══ AVAILABLE DATA

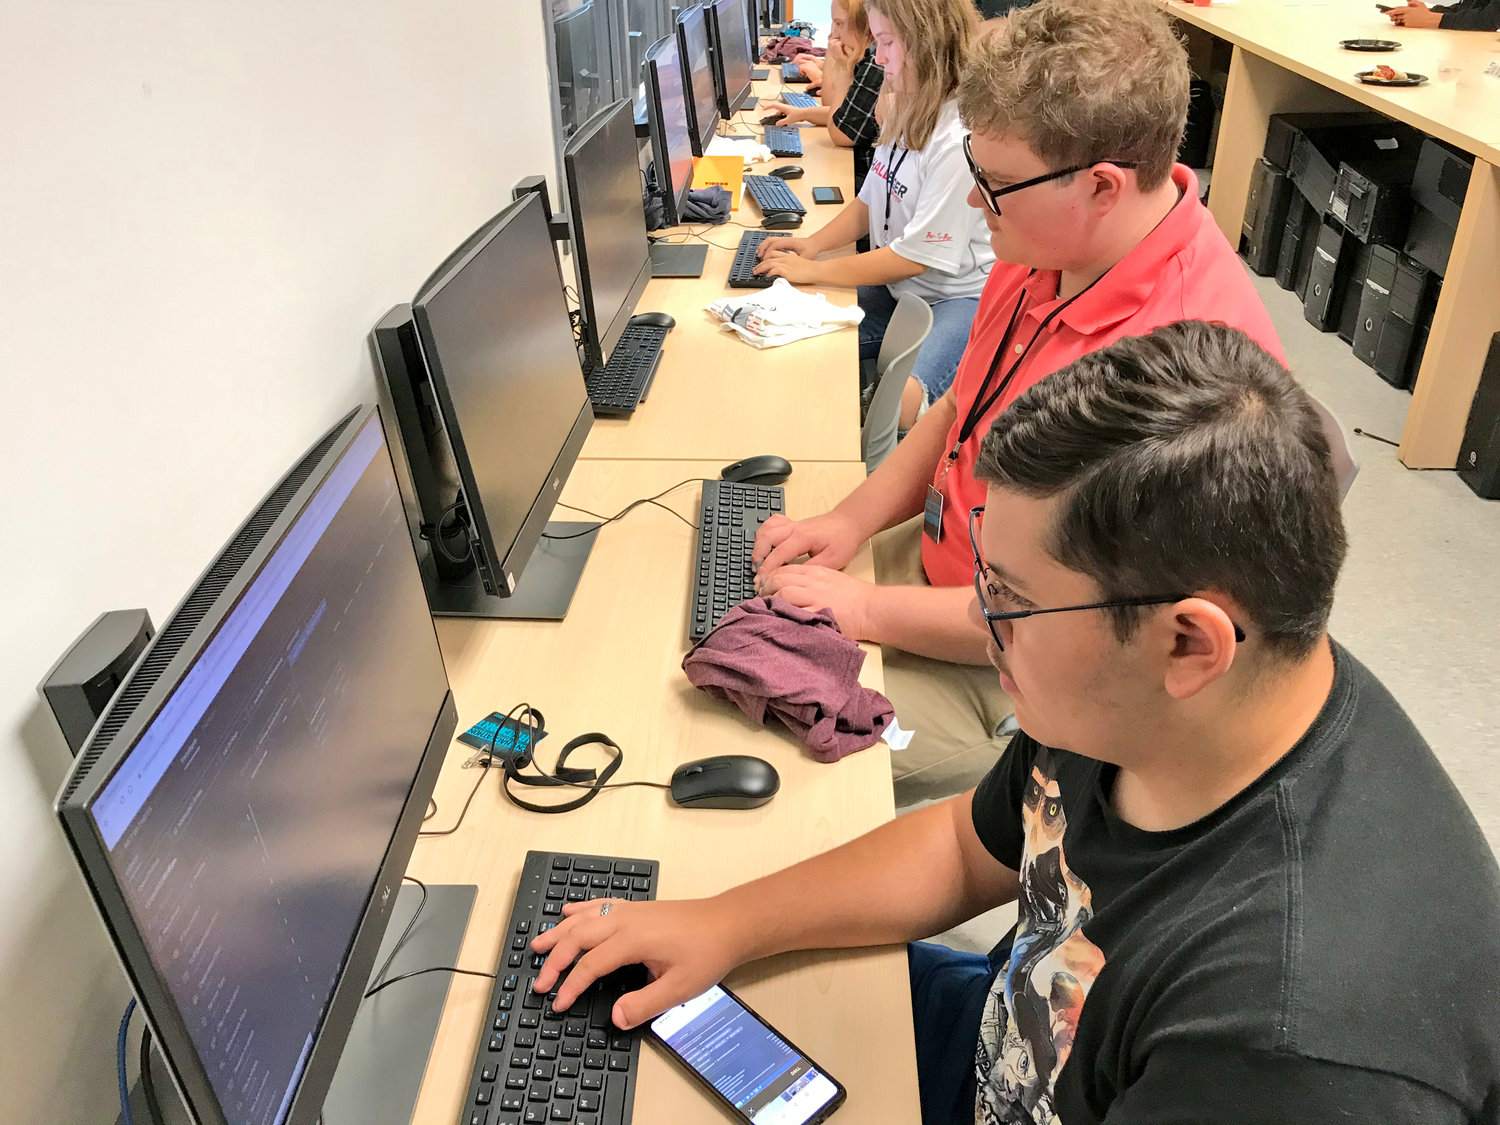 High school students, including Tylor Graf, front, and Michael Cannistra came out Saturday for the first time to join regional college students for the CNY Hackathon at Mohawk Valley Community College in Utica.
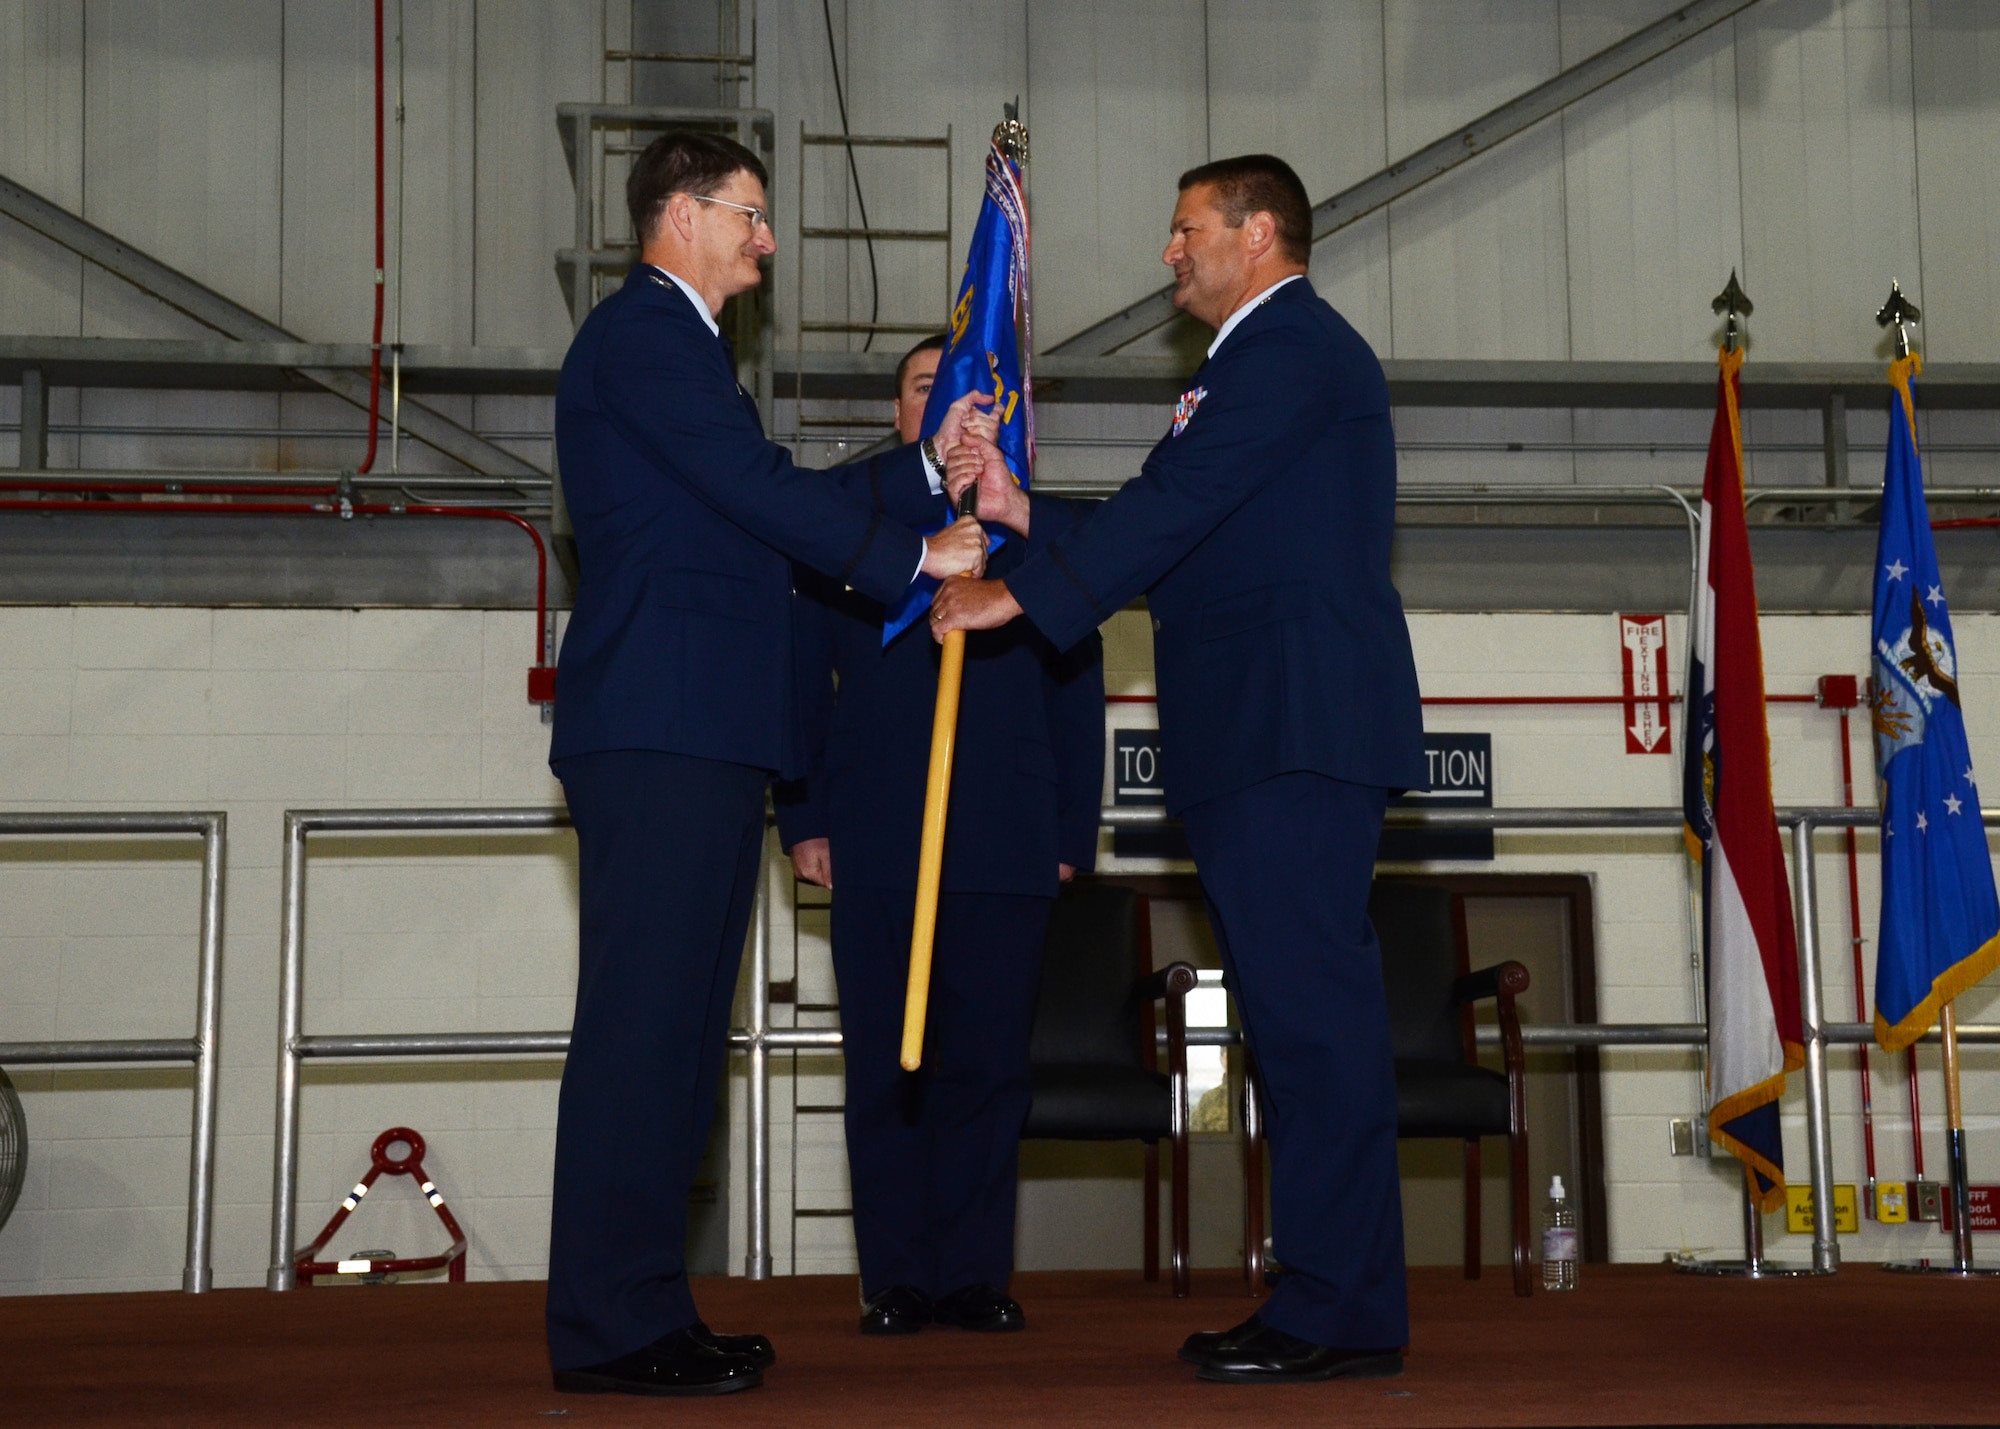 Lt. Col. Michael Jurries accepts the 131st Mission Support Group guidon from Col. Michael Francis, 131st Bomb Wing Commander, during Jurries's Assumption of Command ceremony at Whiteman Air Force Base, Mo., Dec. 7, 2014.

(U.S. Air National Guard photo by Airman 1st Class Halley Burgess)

════

** WORK INSTRUCTIONS **
Here the job is to quote the lines from the one with "Lt. Col. Michael" through the end of the material, both included, exactly; please skip the pictures.

** RESPONSE TO THIS TASK **
 Lt. Col. Michael Jurries accepts the 131st Mission Support Group guidon from Col. Michael Francis, 131st Bomb Wing Commander, during Jurries's Assumption of Command ceremony at Whiteman Air Force Base, Mo., Dec. 7, 2014.

(U.S. Air National Guard photo by Airman 1st Class Halley Burgess)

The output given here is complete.